Lukáš Urban

Personal information
- Full name: Lukáš Urban
- Date of birth: 23 June 1993 (age 32)
- Place of birth: Košice, Slovakia
- Height: 1.74 m (5 ft 9 in)
- Position: Defensive midfielder

Team information
- Current team: FC Košice
- Number: 8

Youth career
- MFK Košice

Senior career*
- Years: Team / Apps / (Gls)
- 2013–2015: FC VSS Košice / 9 / (0)
- 2014–2015: VSS Košice B / 19 / (0)
- 2015: Vyšné Opátske
- 2019–2020: FC Košice
- 2019–2020: Slávia TU Košice (loan)
- 2020–2024: Slávia TU Košice
- 2024–: Lokomotiva Košice

= Lukáš Urban =

Slovak footballer

Lukáš Urban (born 23 June 1993) is a Slovak football midfielder who currently plays for the 3. liga club FC Lokomotíva Košice.

== Club career ==

=== MFK Košice ===
Urban is a product of the Košice youth academy, from where he went to play for the B team.

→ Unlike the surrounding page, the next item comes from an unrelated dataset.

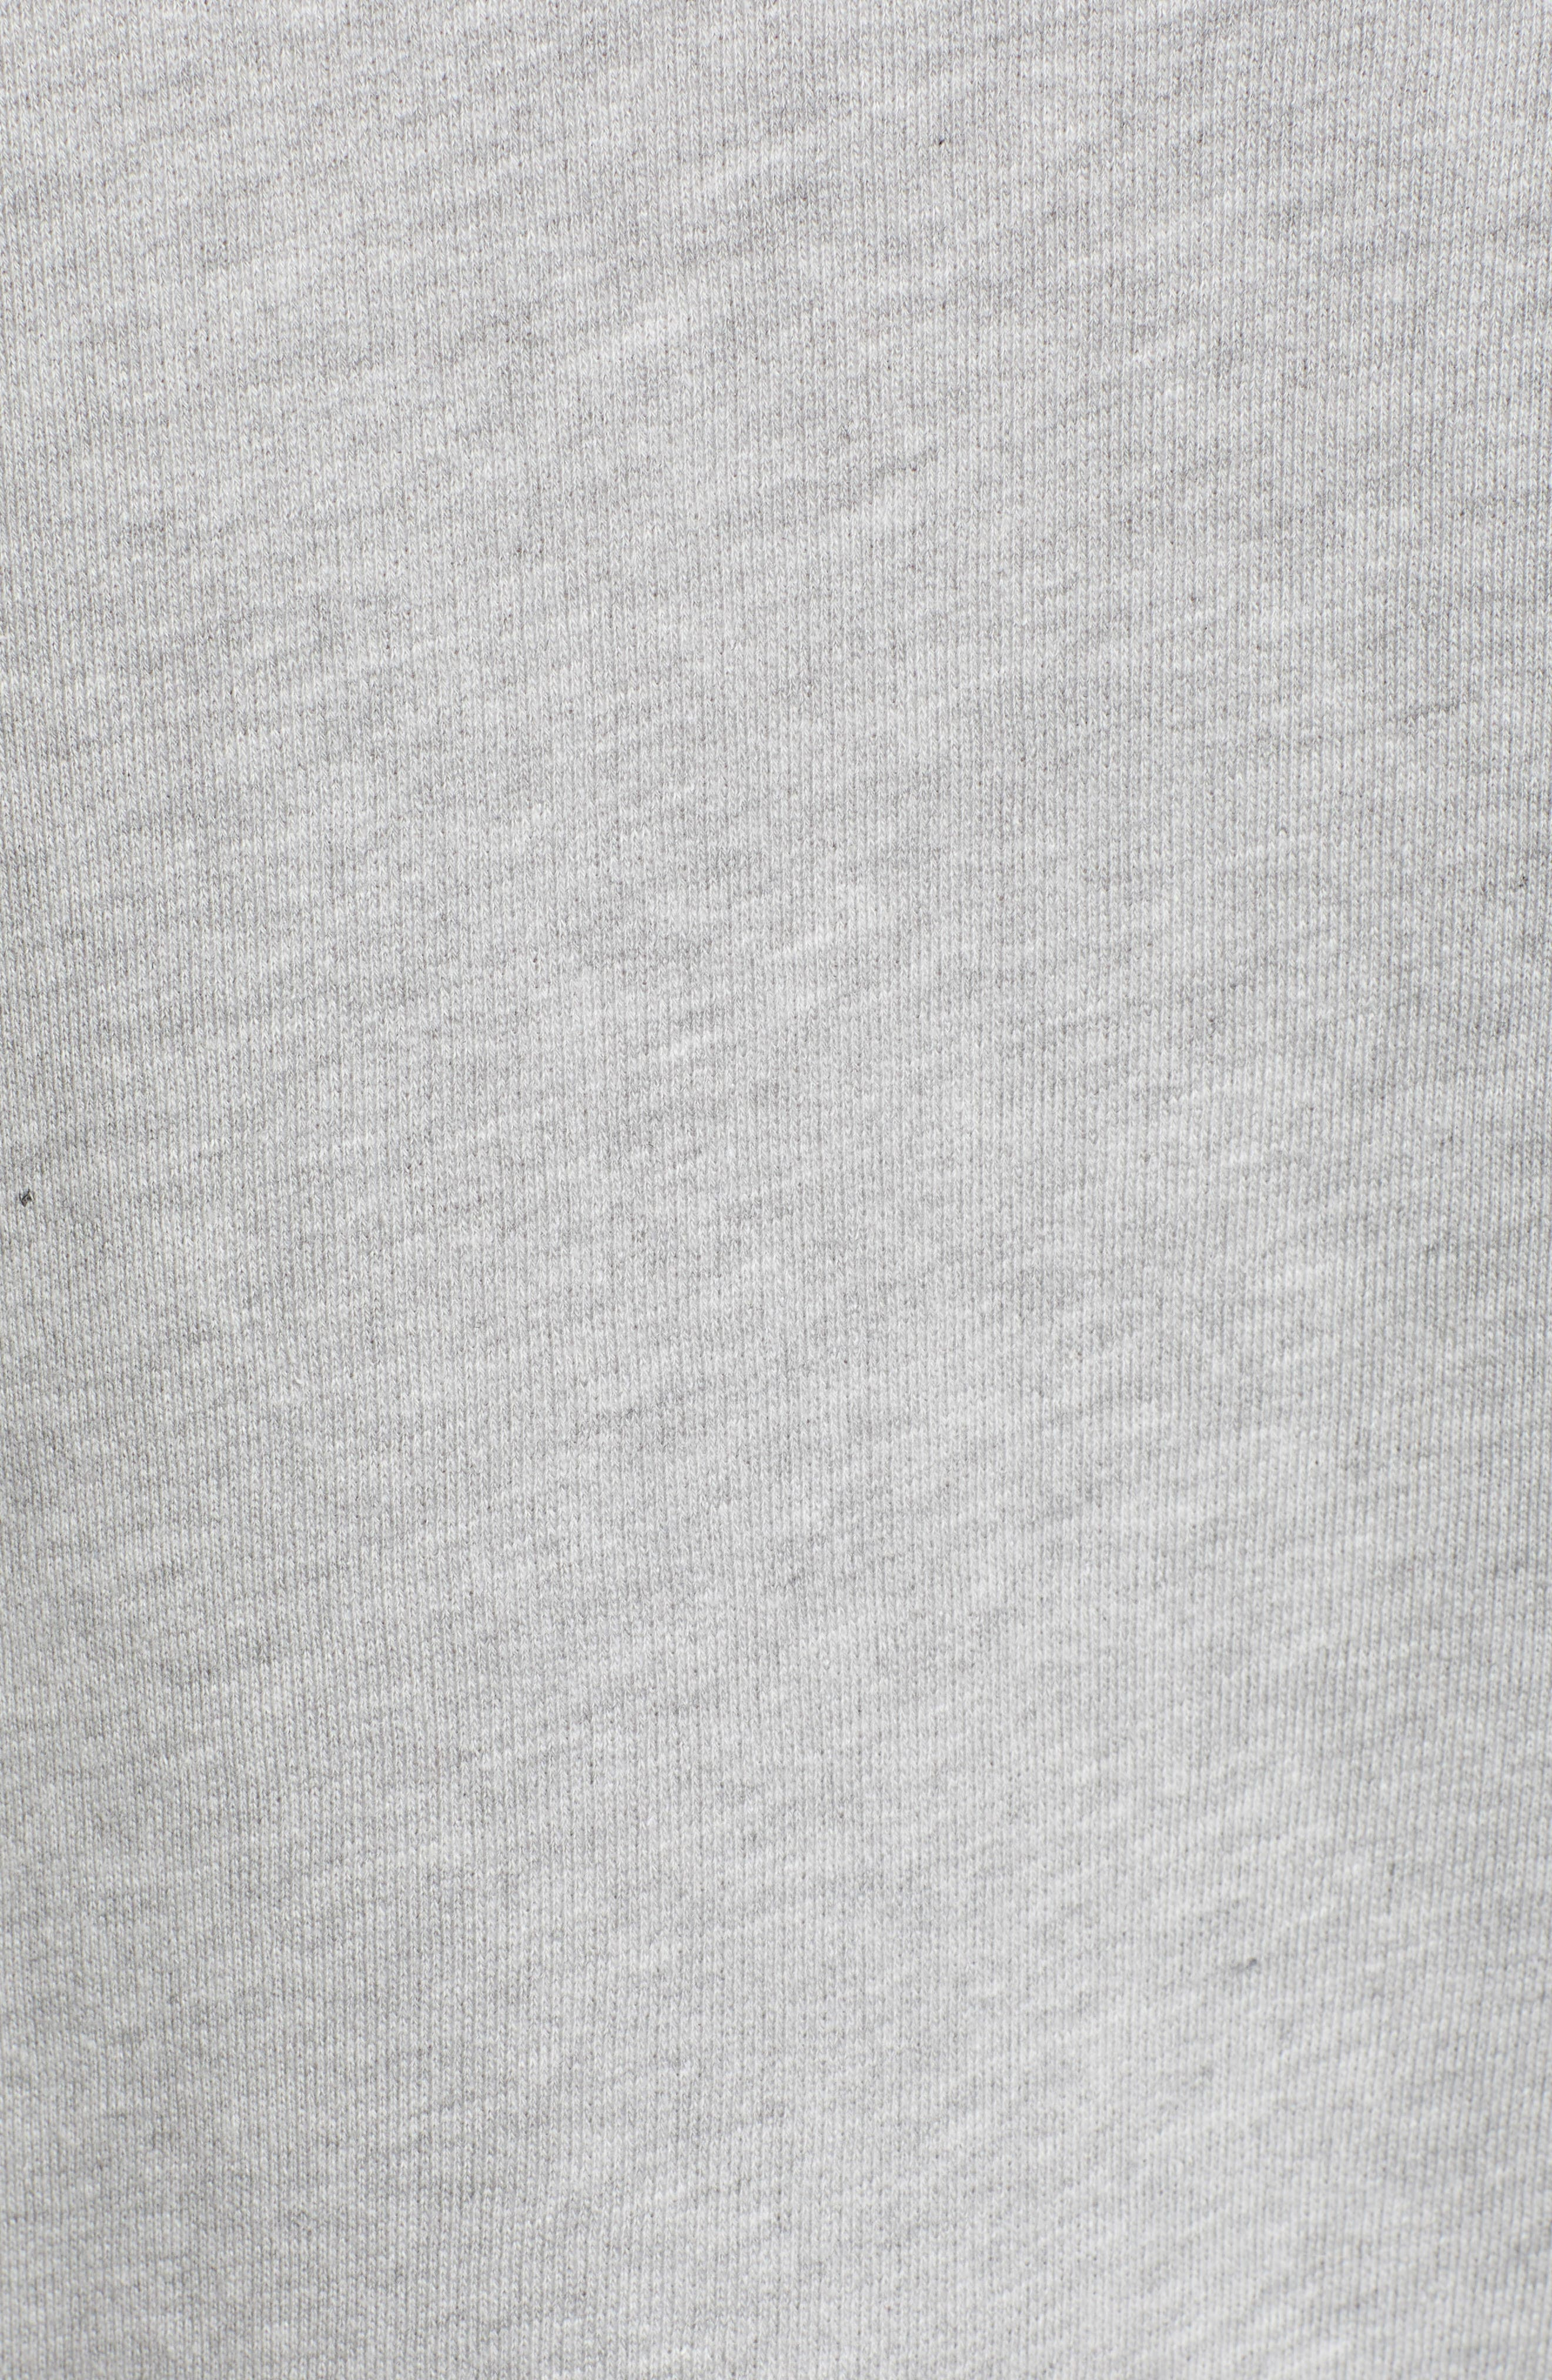 Roadtrip Sweatshirt,                             Alternate thumbnail 5, color,                             HEATHER

Two years later, Urban got his first professional contract. He made his debut for the club in a 2–2 home Corgoň Liga draw against MFK Ružomberok, coming on as an 80th minute substitution. Despite being considered a talented young player, Urban would quit professional football to focus on his studies.

=== Slávia TU Košice ===
In 2024, Urban played for Slávia TU Košice. He scored in a 2–0 win against ŠK Odeva Lipany, netting in a goal in the 90th minute.